Until the nineteenth century, the only access to the site was on foot from the river or from St Arvans (to the west) or Porthcasseg (to the north). From 1824, the building of a new turnpike road between St Arvans and Redbrook allowed greater ease of access to the Wyndcliff area through which the road passed. It became the focus of carriage trips by tourists wishing to see the views, and numbers grew in particular with the establishment of steam packet services between Bristol and Chepstow which allowed day trips to be made.

The Duke of Beaufort, who owned the land, was responsible through his steward Osmond Wyatt for installing a path known as the 365 Steps (though the modern number of steps is closer to 300) from the road to the top of the cliff. There, Wyatt constructed a split-level viewing platform called the Eagle's Nest, in 1828. A small building, Moss Cottage, where refreshments and informal entertainment were provided, was also built beside the path, with a table made from a slab of walnut tree from inside Chepstow Castle. The cottage later fell into disrepair and was demolished in the 1950s. In 1834, there was a proposal to build an observatory on the site, but it was never constructed.

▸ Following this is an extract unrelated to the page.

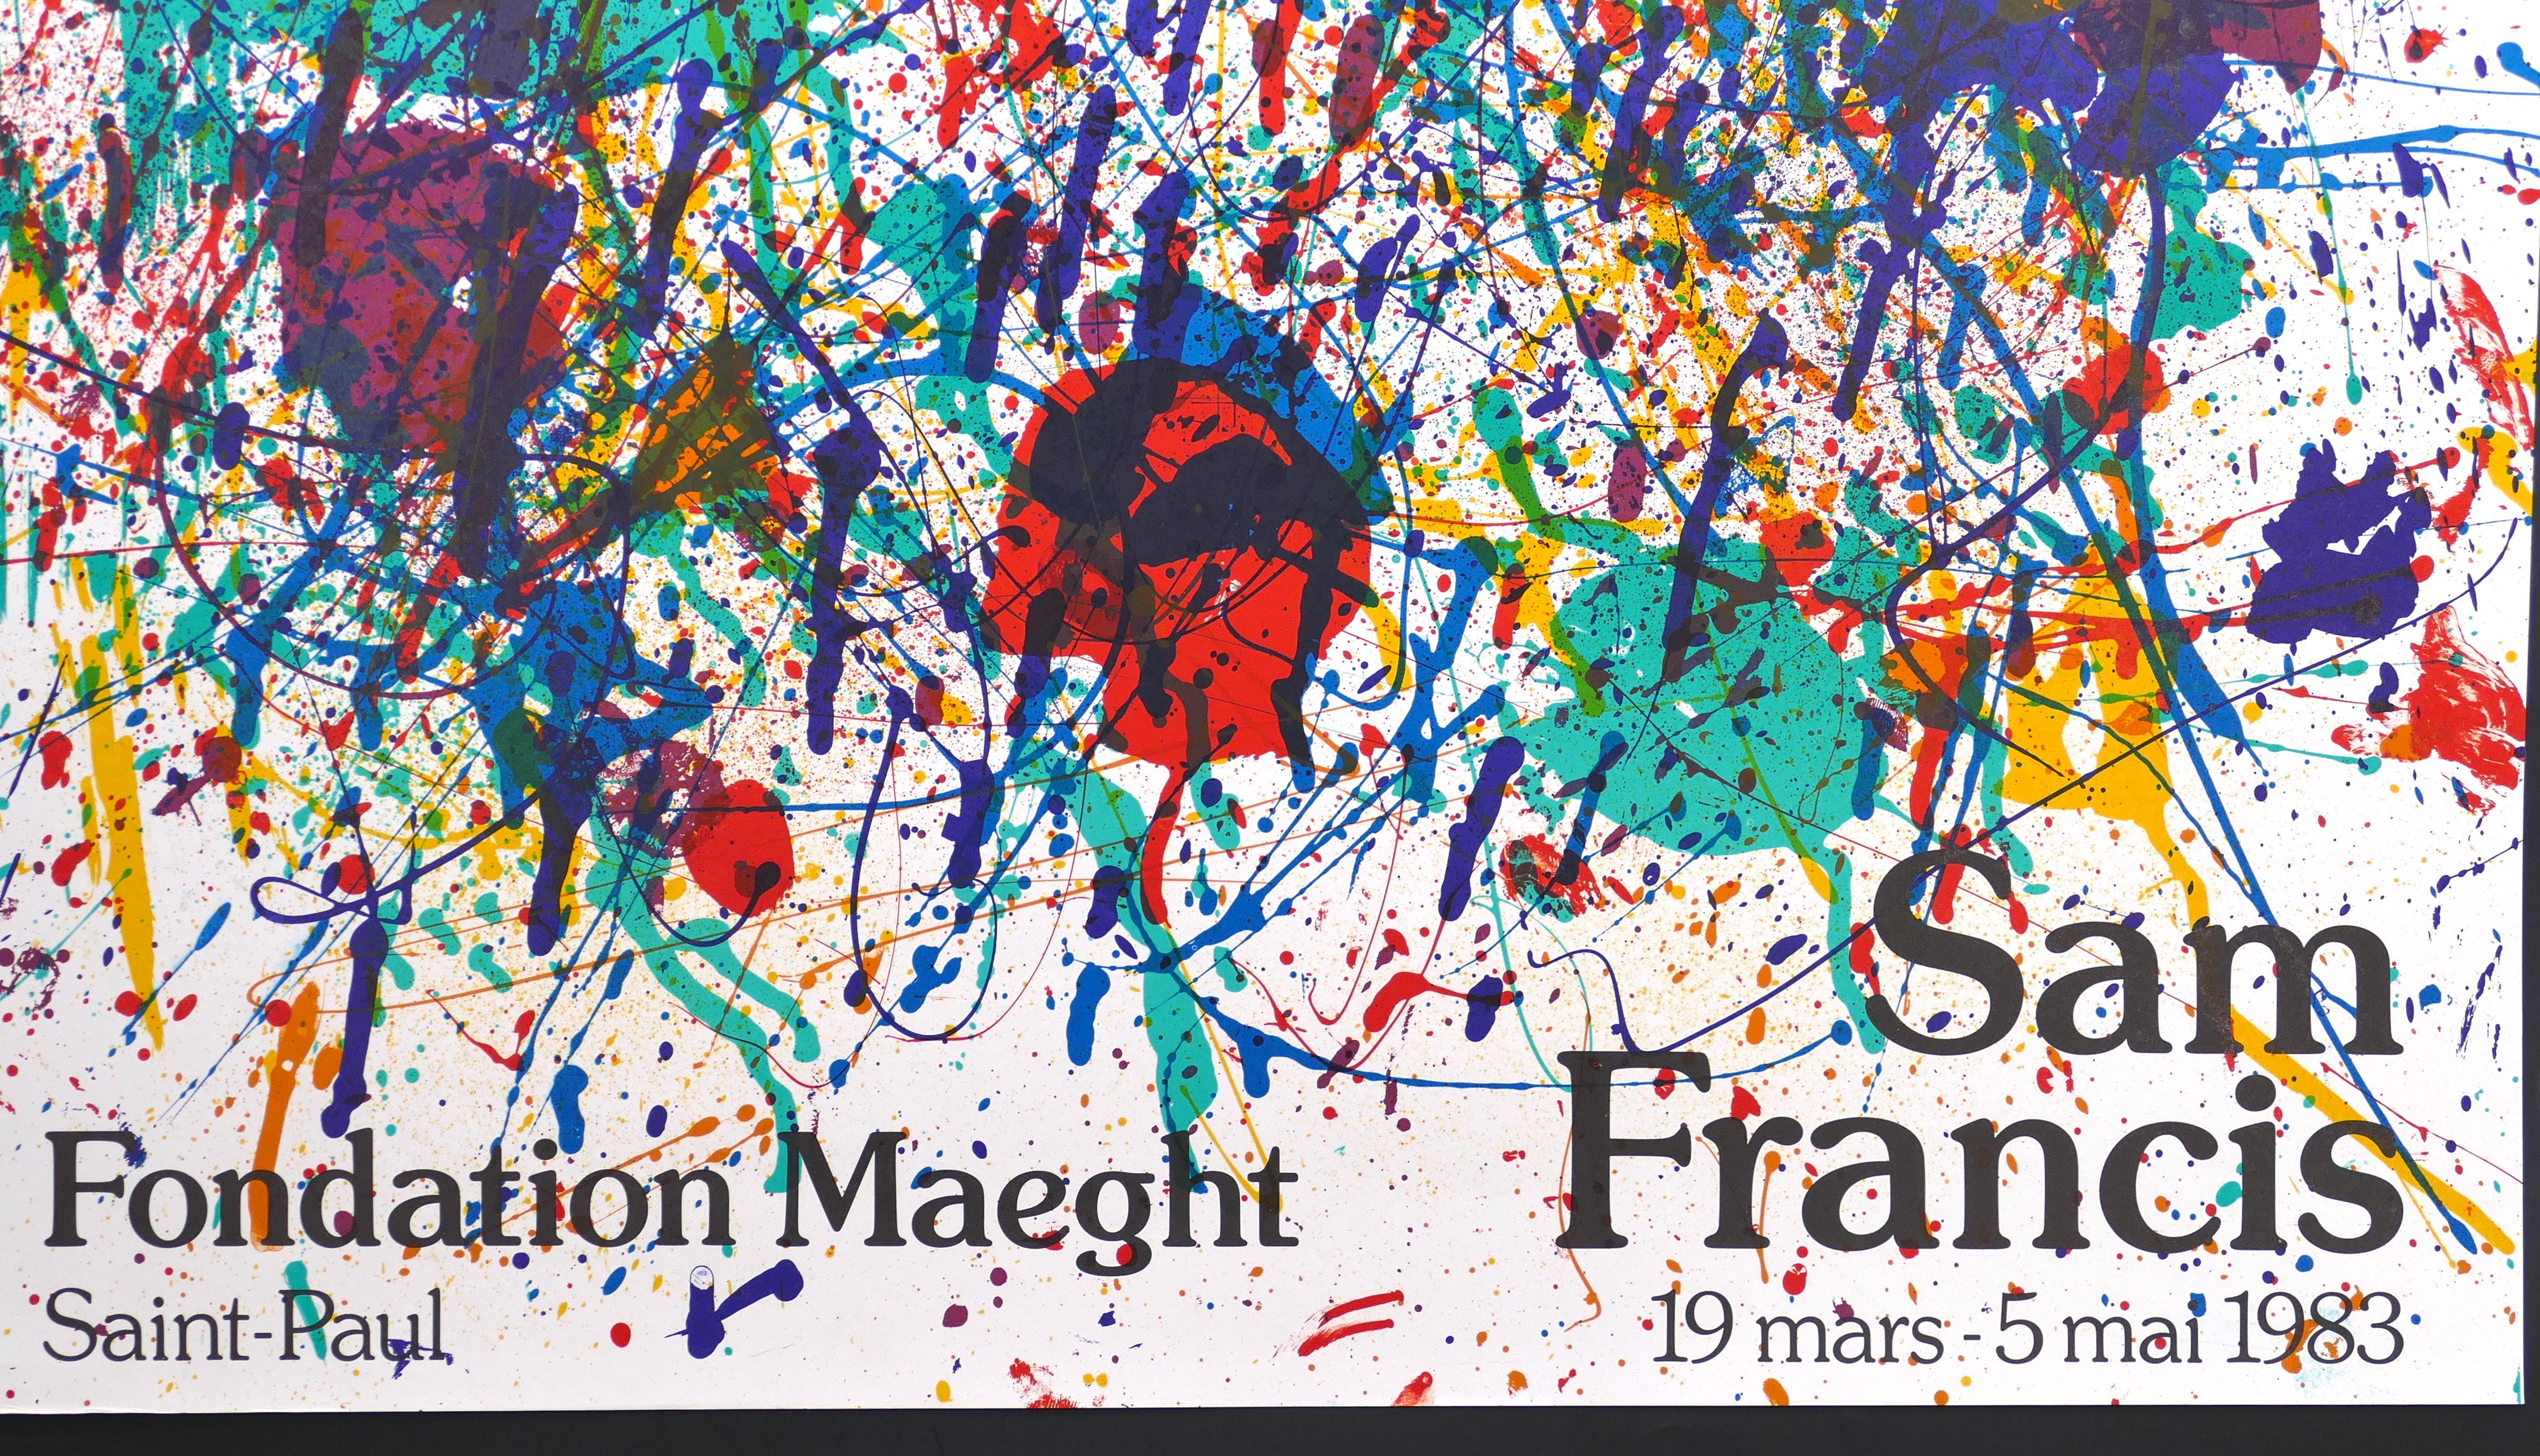 Vintage Poster Vintage Poster Fondation Maeght 19 Mars 1983  - Abstract Expressionist Print by Sam Francis

The view from the Eagle's Nest includes the farmland on the opposite bank of the Wye at Lancaut; the cliff face at Wintour's Leap; Chepstow Castle and the adjoining town; the mouth of the Wye at Beachley; the Severn estuary, Severn Bridge and Second Severn Crossing; and the Cotswold Hills beyond. Prince Puckler-Muskau, who visited the Eagle's Nest in 1828, said: "The grouping of this landscape is perfect ... I know of no picture more beautiful." Samuel Taylor Coleridge described the view as "the whole world imaged in its vast circumference". The writer C. J. O. Evans, in the early 1950s, wrote: "In whichever direction the gaze travels, a sublime prospect is unfolded and the claim that nine counties are visible on a clear day is not more enthralling than the grandeur of the face of nature in all its rich variety of scenes so beautifully displayed."

==Leisure==
The Wye Valley Walk passes through Wyndcliff Wood, and several public footpaths divert from the main path. The area is popular for rock climbing, with a large number of both traditional and sport climbing routes available.

==Access==
Access to the Wyndcliff is through the Lower Wyndcliff car park on the A466; or the Upper Wyndcliff car park accessed by a lane off the A466 to the east of St Arvans. The latter parking area is close to the Eagle's Nest viewpoint.